The compiler is used to convert an array of schema nodes to a function with imperative JavaScript code that can be executed to validate a data object. The compiler operates at the low-level and does not offer any JavaScript API for creating the schema (see vinejs for user-land APIs).

Ajv performs better in some instances because Ajv holds a reference to the input data object and does not create a new output object. Though Ajv behavior results in slightly better performance, it comes at the cost of sharing the same pointers between the input and output objects, and hence mutating one will mutate the other as well.

Schema refers to an object or an array of objects that the compiler takes as an input to generate JavaScript output. Following is an example of an object schema node with username property.

{
  type: 'root',
  schema: {
    type: 'object',
    fieldName: '',
    propertyName: '',
    bail: true,
    allowNull: false,
    isOptional: false,
    allowUnknownProperties: false,
    properties: [
      {
        type: 'literal',
        fieldName: 'username',
        propertyName: 'userName',
        transformFnId: 'ref://1',
        parseFnId: 'ref://2',
        bail: true,
        allowNull: false,
        isOptional: false,
        validations: [
          {
            ruleFnId: 'ref://3',
            isAsync: false,
            implicit: false,
          }
        ]
      }
    ],
    groups: [],
  }
}

Since, we pre-compile the schema to a string, we cannot serialize certain JavaScript datatypes like functions or complex objects. Therefore, we use a refs system, which works as follows.

• When you define a function or a complex data type inside your schema, we will generate a unique ref id for it.
• The compiler will receive the ref id (starting with ref://).
• At the time of validations, we will pass the refs key-value pair. The key will be ref id and the value will be the complex data type and the compiled output will lookup the ref value based upon the ref id.

Consider the following simplified flow of using refs.

Following is the list of supported schema types.

• literal: Literal refers to any value that does not have children schema nodes. For example: number, string, boolean, dates, and so on. Custom data types like file can be a literal schema type.
• object: Object refers to a JavaScript Object data type. An object may have children schema nodes as well.
• array: Array refers to a JavaScript Array data type. An array may also define the schema node for the array elements.
• tuple: Tuple refers to a JavaScript Array data type. A tuple can define a separate schema for each array element.
• union: A union is a collection of conditions + schema. If the condition is true at runtime, the associated schema will validate the field.
• record: Record refers to a JavaScript Object data type with unknown keys. Each element of a record must have the same type.

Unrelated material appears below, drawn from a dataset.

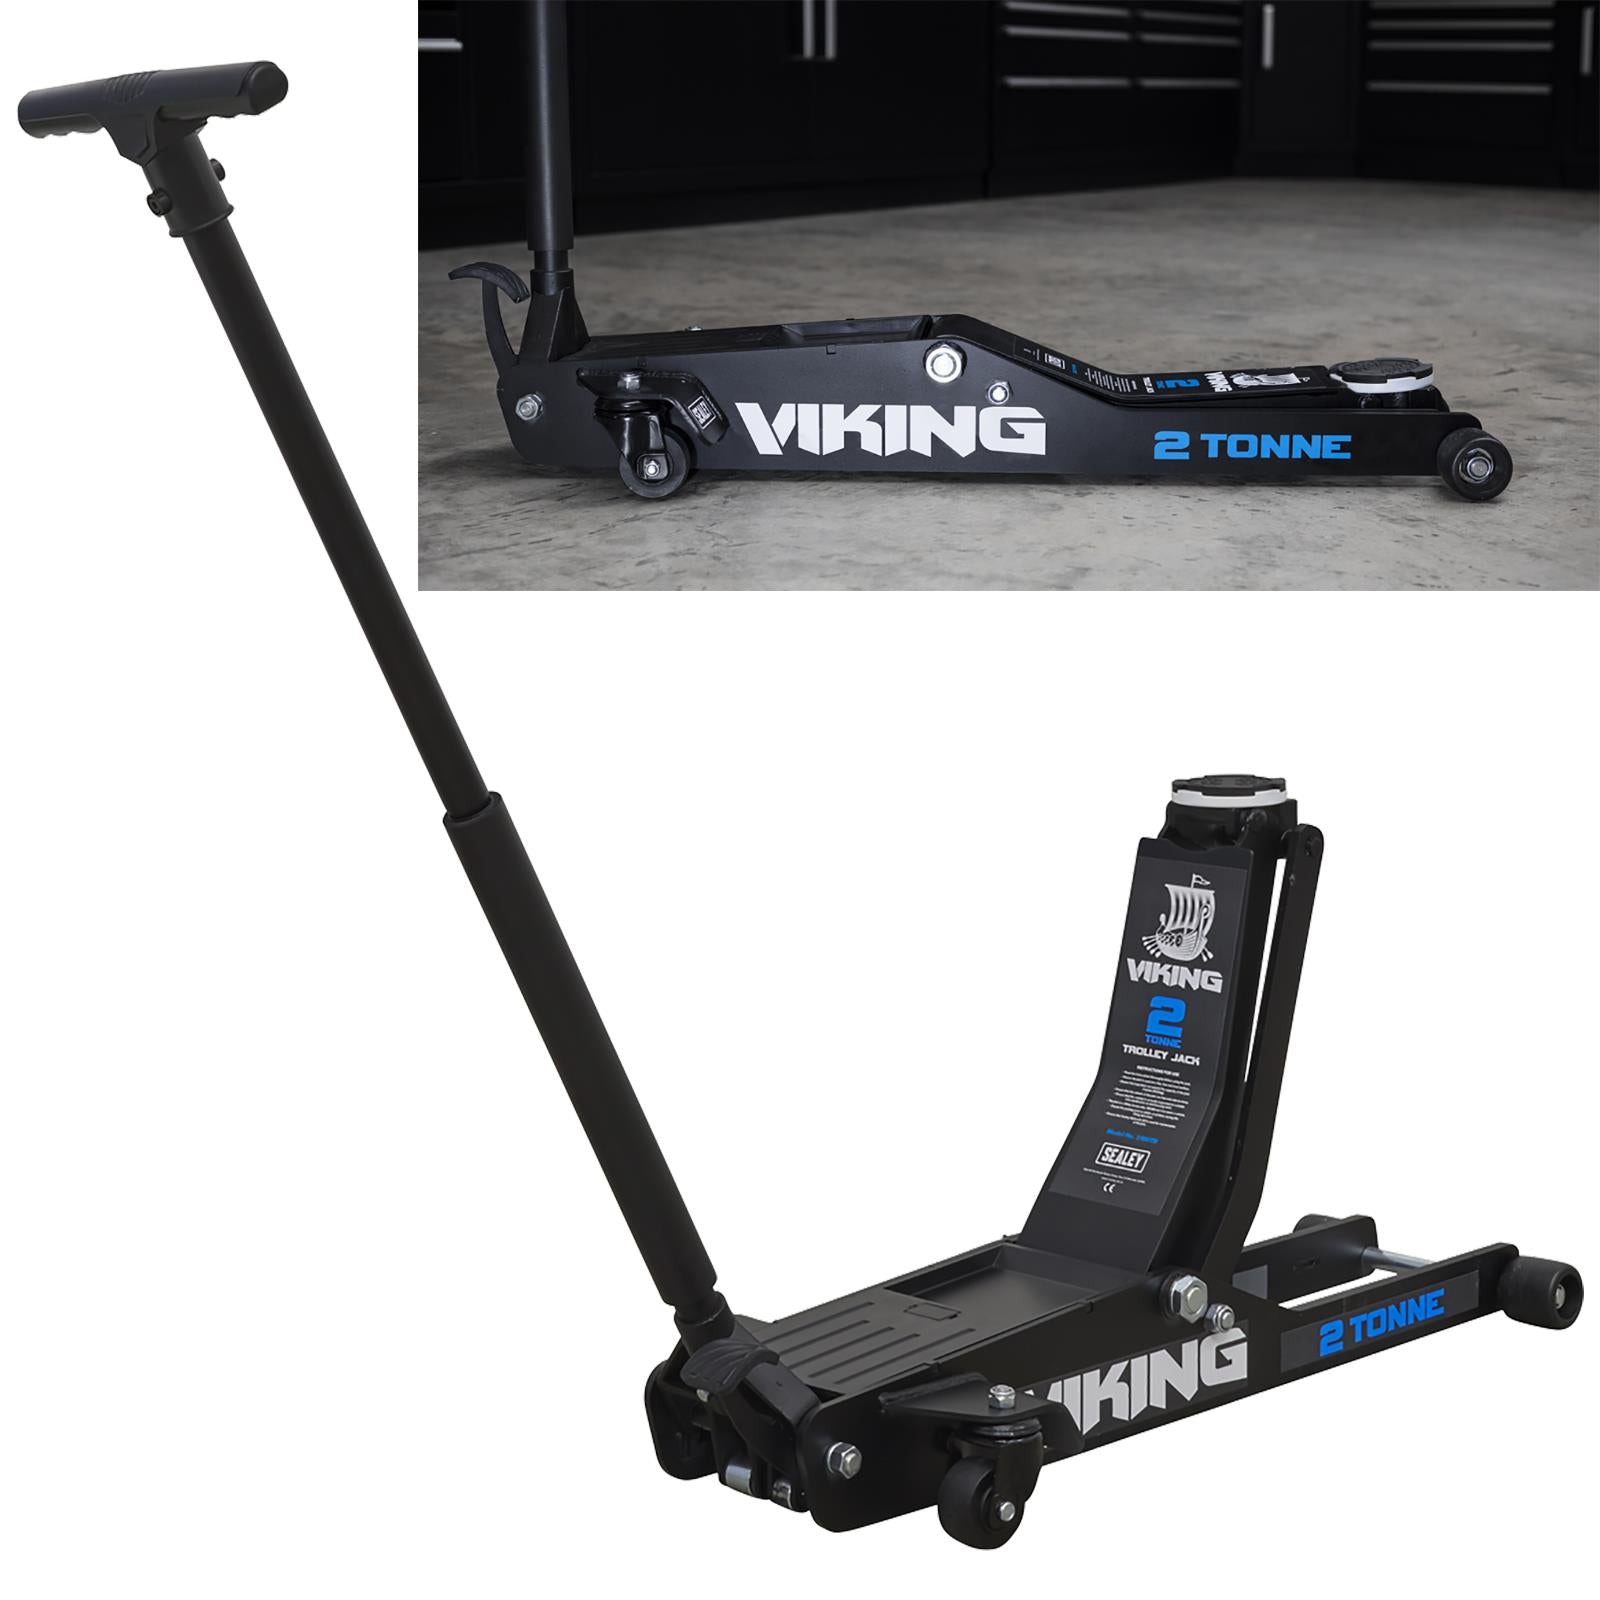 Sealey Viking 2 Tonne Low Entry Long Reach Trolley Jack with Rocket Lift
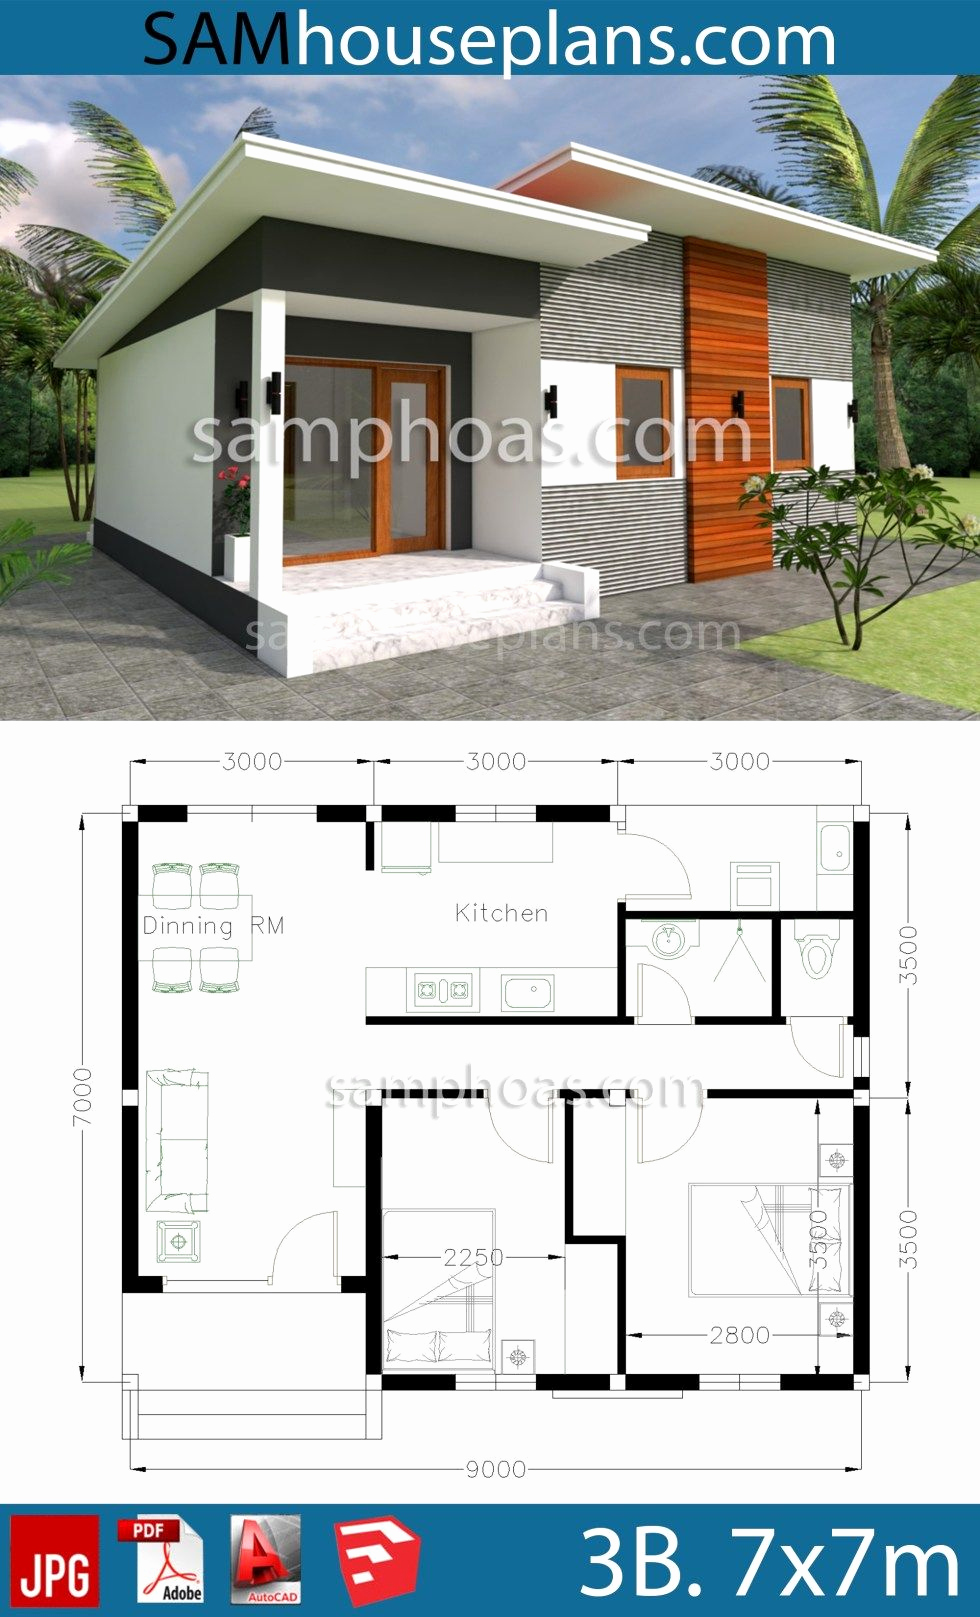 2 Bedroom House Plans New House Plans 9x7m with 2 Bedrooms

There are moving parts inside the schema nodes. These moving parts generate different outputs based on their state.

Standalone moving parts refers to conditions that act individually and does not get impacted if other moving parts are enabled or disabled.

• parseFnId: A function to convert the input value before the validation lifecycle of the input begins. The function receives the exact value of the input, so consider the value as unknown.

• transformFnId: A function to convert the output value after all the validations of the input field are over.

  • The function can only be defined for the literal schema type.
  • The function is invoked only when the value is written to the output. Any conditions that do not write value to the output will also skip calling the transform function.

• allowUnknownProperties: When enabled, the flag will keep all the properties of an object or an array. The children properties with schema are still validated and replaced, but other properties are deeply copied from the source to the output.

• bail: When enabled, the flag will stop validating the field after the first error. In the case of arrays and objects, the validation of children nodes will also be skipped.

Flags that behave differently when used together.

• isOptional: Mark the field under validation as optional. It means the field value can be undefined or null.

• allowNull: Mark the field under validation to be null, but not undefined. However, when both isOptional and allowNull flags are used, the undefined values will also be allowed.

  The null values are written to the output when allowNull flag is enabled.

The validations are functions executed one after the other in the same sequence as they are registered in the schema. Following is the default behavior of validations.

• Validation functions are not executed if the value is null or undefined even when the field is marked as optional.
• You may use the implicit flag on the validation rule to make the validation run for null or undefined values as well.
• When the bail mode is enabled for the field, the next validation will not run if the previous one fails. There is no way for rules to bypass this behavior.

The validation rules are not executed by default when the field's value is null or undefined. However, the implicit rules can bypass this check by enabling the implicit flag inside the schema object.

If the value of a field is null or undefined it will not be written to the output. However, the null values are written to the output when allowNull flag is enabled.